Installing programs on a Unix machine/terminal can be a dark and scary place, particularly when it comes to things like ‘dependencies’, that’s when someone has written a bit of software (let’s call it program X), and that software relies on another bit of software (program Y), but when you install X, Y second isn’t automatically installed, so you have to work out how to install Y too, then program Z because Y relies on Z!! It’s a nightmare.

Package managers are designed to make this process simple, by installing all dependencies that you may need when you want to install software X. Aah, much better. But there are choices to make when you are picking your package manager! So I’m going to provide some information and brief instructions for two of these choices: Homebrew and Conda.

Installing a package manager

If you’re not planning on using your local instance for anything except connecting to the cloud, you can potentially skip installing a package manager as most basic programs can be installed with the command you used to update/upgrade your Unix instance. For example, if you wanted to install the text editor Vim, you could simply write:

sudo apt install vim

However it is useful to have some of the same tools available on your local machine in case you need to run some quick analysis offline, so I recommend still installing a package manager on your local machine.

Homebrew/Linuxbrew

My personal preference is Homebrew/Linuxbrew (Mac = Homebrew, Unix = Linuxbrew), but really this is due to old habits, it’s the package manager I started with, and therefore I’ve stuck with it. If you’re willing to put in a bit of extra work for greater flexibility than Conda is perhaps the better way to go.

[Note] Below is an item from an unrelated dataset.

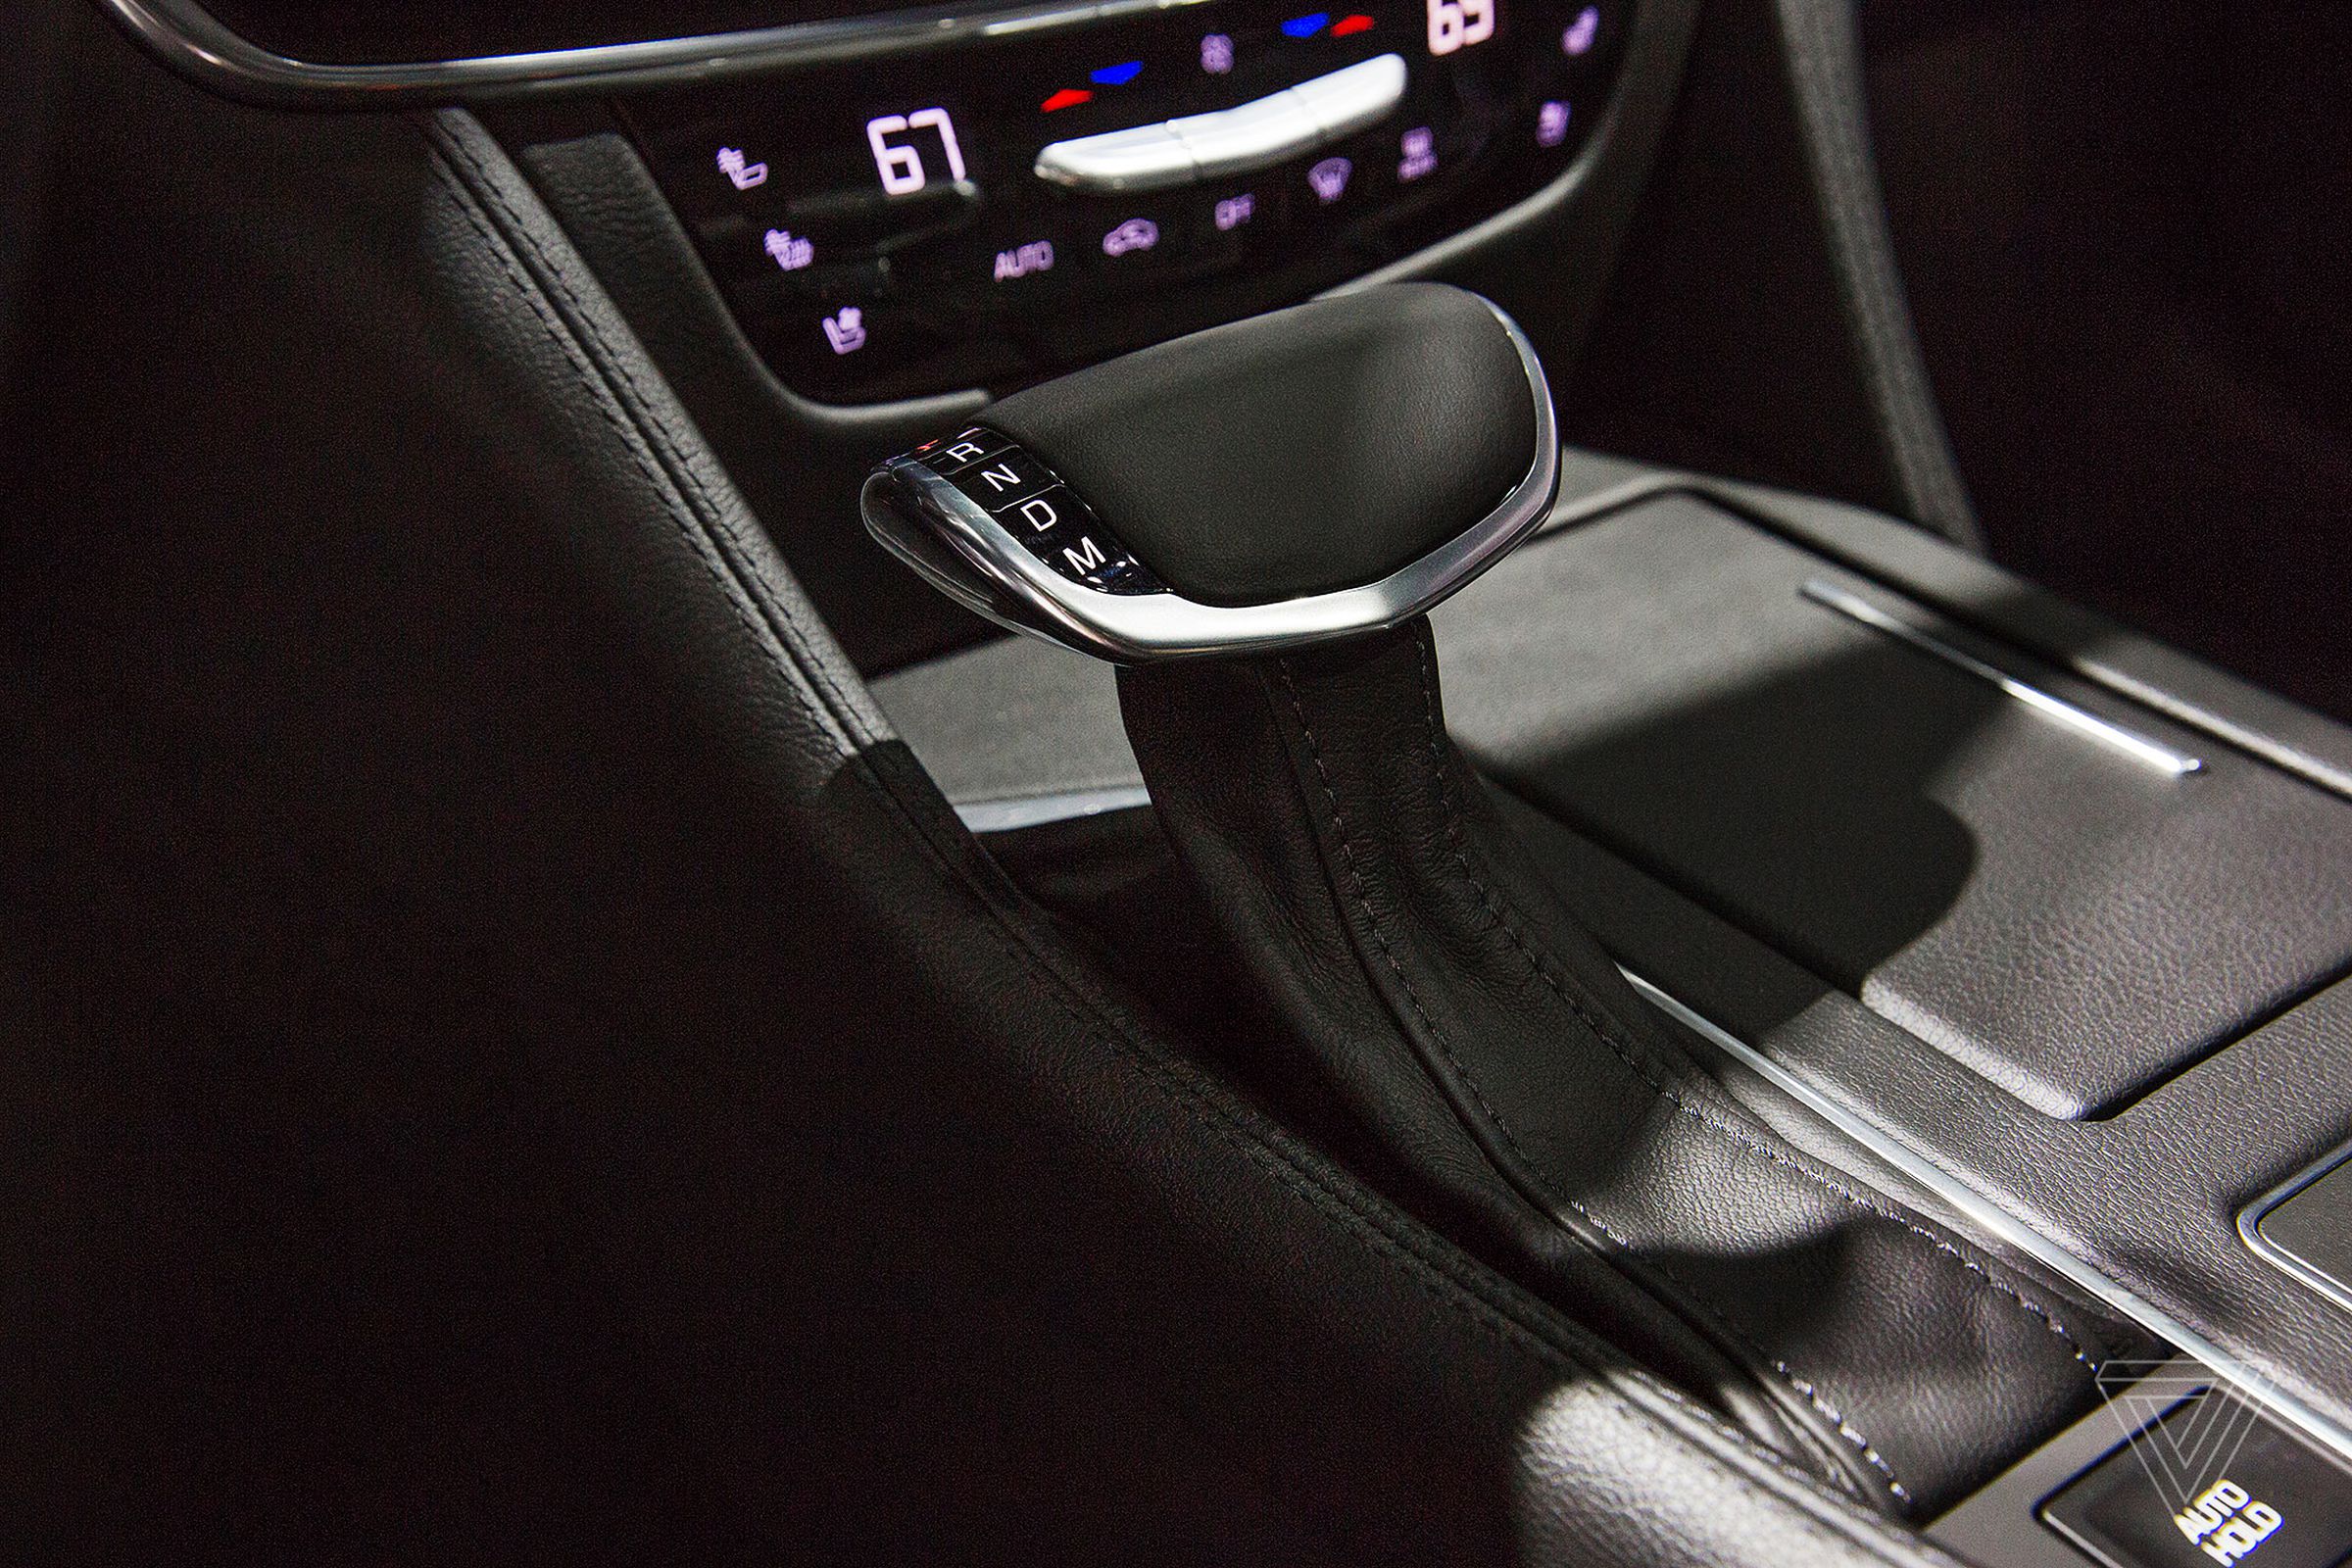 The shifter on the Cadillac Ct6 Plug-in sports a futuristic design.

Brew is the simplest level of package manager, you ‘brew’ your programs, it installs everything to the same folder (/home/linuxbrew/), and will always keep itself up to date. Additionally, you can easily update all your various installed packages to the latest versions. The trick is, you may not always want the latest version! This is because some software may be designed to work with a particular version of a dependency, and brew will automatically update everything rendering this software no longer functional. Similarly you may wish to ensure you use the same version of a tool for the length of a project so that you can be sure there is consistency in your analysis (and so when you’re writing your manuscript, it’s easier to say which version you used). If you want that functionality then Conda is the option you should go with. If all you’re looking for is a simple way to install tools, and keep the up to date, Linuxbrew is the best option in my opinion.

The installation instructions below are taken from https://brew.sh/

This first step isn’t strictly necessary, but I’ve often found it saves some issues down the line

sudo apt install build-essential curl file git

Next, copy the below command to the terminal and hit ENTER

/bin/bash -c "$(curl -fsSL https://raw.githubusercontent.com/Homebrew/install/master/install.sh)"

The installation will ask you to hit ENTER shortly after starting, so don’t get up just yet.

Finally, run the final few command one by one to add Linuxbrew to your PATH. The PATH is essentially a list of locations for your terminal to find installed programs in. Without this step, you won’t easily be able to run your tools, they’ll be installed but will only run if you ‘point’ directly at them.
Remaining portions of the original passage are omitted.